= Grazing rights in Nevada =

Grazing on public land in Nevada, US

Grazing rights in Nevada covers a number of rangeland Federal and state laws and regulations applicable to the state of Nevada. Rangelands are distinguished from pasture lands because they grow primarily native vegetation, rather than plants established by humans. Ranchers may lease or obtain permits to use portions of this public rangeland and pay a fee based on the number and type of livestock and the period for which they are on the land.

== History ==
The United States purchased land from Mexico in 1848 known as the Mexican Cession (the southwestern region of the U.S.) as part of the Treaty of Guadalupe Hidalgo. The Nevada Territory, which was partitioned in 1861 from the Utah Territory, became a state in 1864. Since then, the US government has continuously owned land in Nevada, including the Bunkerville Allotment. Federal rangelands in Nevada have been since 1934 managed principally by either the Bureau of Land Management, its predecessor the United States Grazing Service, or the United States Forest Service. Currently, 56,961,778 acres of land in Nevada are managed by the BLM. Over 18,000 grazing permits and leases are known to exist on BLM managed public lands. Season of use and forage use are stipulated on the permits and leases; grazing control can be targeted.

==Federal rangeland laws==

Map of all federally owned land in the United States. The area in yellow represents land managed by the Bureau of Land Management

Laws that apply to management of public land grazing are generally codified in Title 43 of the United States Code and include the Taylor Grazing Act of 1934 (TGA), the National Environmental Policy Act of 1969, the Endangered Species Act of 1973, the Federal Land Policy and Management Act of 1976, the Public Rangelands Improvement Act of 1978, and the Wild and Free-Roaming Horses and Burros Act of 1971.

In 1933, Edward T. Taylor, a Representative from Colorado, reintroduced a bill to set up the grazing bureau or service in the Department of Interior to administer range lands.

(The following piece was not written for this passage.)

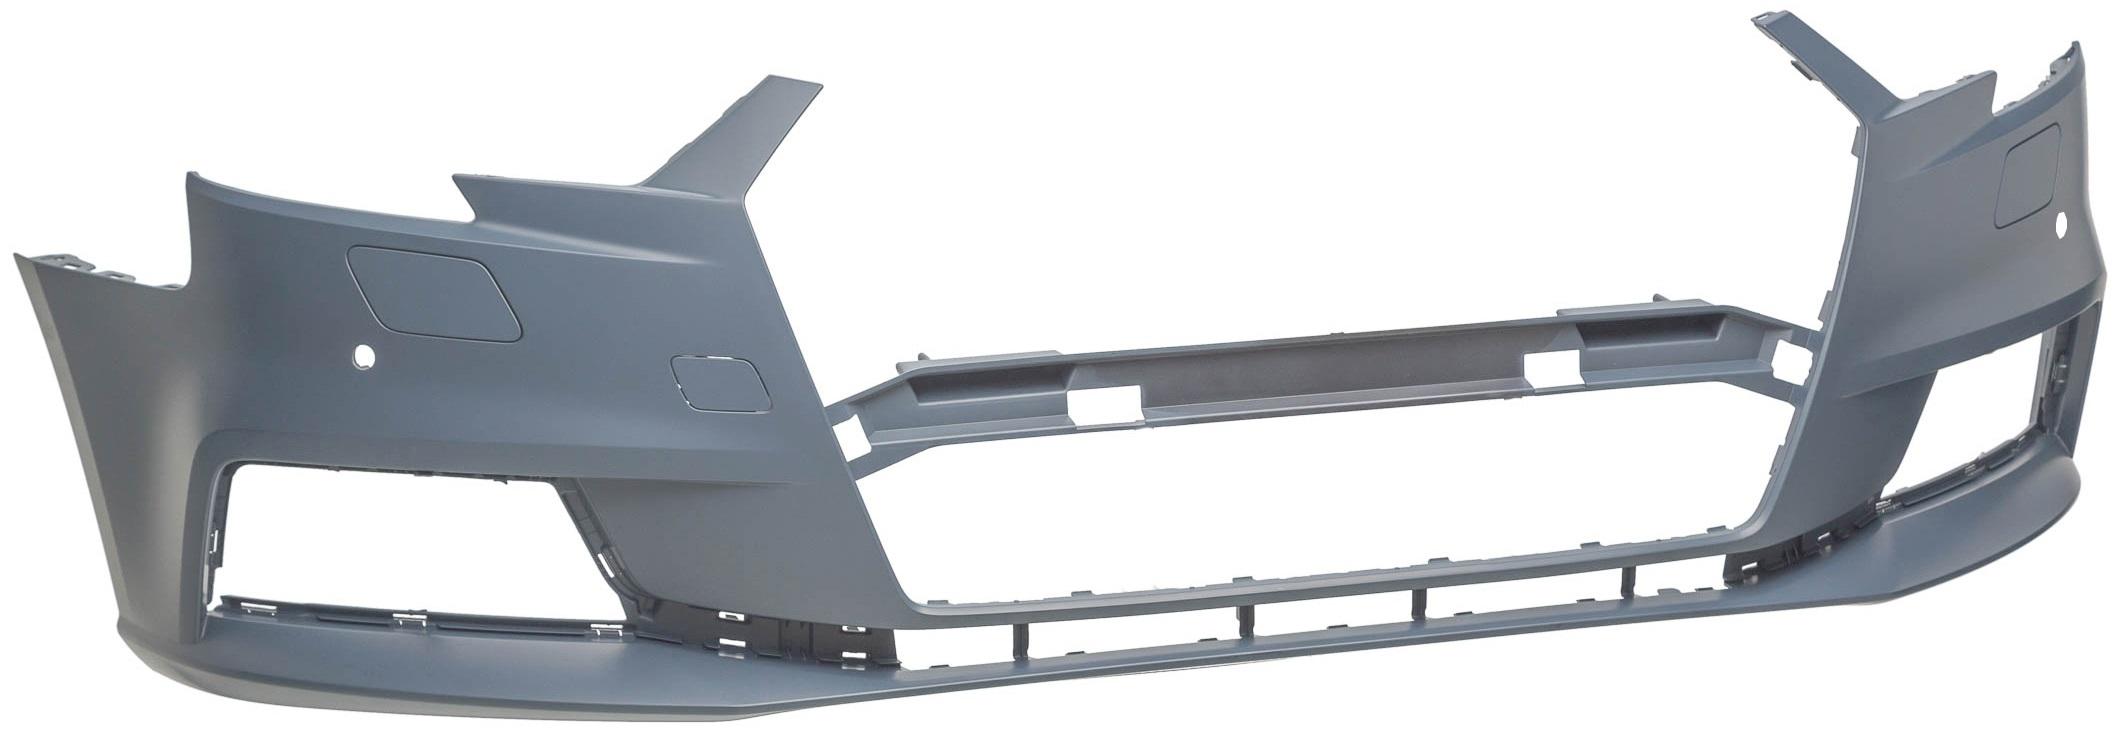 AUDI A3 16-*PARAGOLPES DELANTERO PARA PINTAR  CON 2 AGUJEROS PARA SENSOR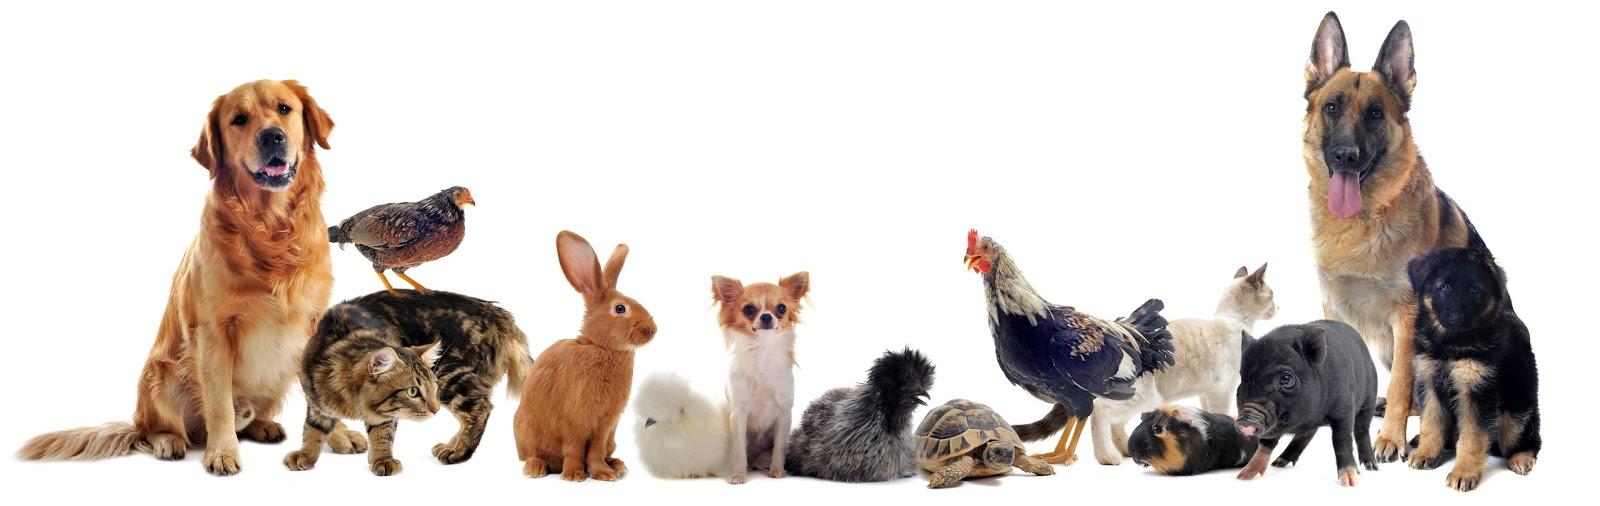 صور حيوانات اليفة , شاهد اجمل الحيوانات الاليفة

The TGA (Note: 43 U.S. Code §§ 315-316o (P.L. 73-482)) regulates grazing on public lands (excluding in Alaska) to improve rangeland conditions. The Grazing Service was merged with the United States General Land Office in 1946 to form the Bureau of Land Management (BLM).

Prior to the enactment of the TGA, an open-range system existed on public domain land. The TGA was enacted by Congress to prevent overgrazing of rangelands, and authorized the permitted use of lands designated as available for livestock grazing while specifying that grazing permits convey no right, title, or interest to such lands. This definition was unanimously upheld by the United States Supreme Court in 2000. The TGA allows the BLM to increase or decrease the utilization of a grazing area in response to changing ecological conditions, and specifies that permits are subject to periodic review at least every 10 years, with holders having preferential rights to renew "in the discretion of the Secretary of the Interior."

==Nevada rangeland laws==
An article written by University of Nevada Cooperative Extension Educators Gary McCuin and Steve Foster, highlights the Nevada Open Range Law of 1893, a state statute under which "owners of ... livestock running at large on the ranges or
commons” were exempted from state civil liability for trespass, and the open range was defined as “all unenclosed land outside of cities and towns upon which cattle, sheep or other domestic animals by custom, license, lease or permit are grazed”. However, the federal Taylor Grazing Act has further regulated grazing on federal land since 1934, and violators may be subject to federal civil and criminal liability.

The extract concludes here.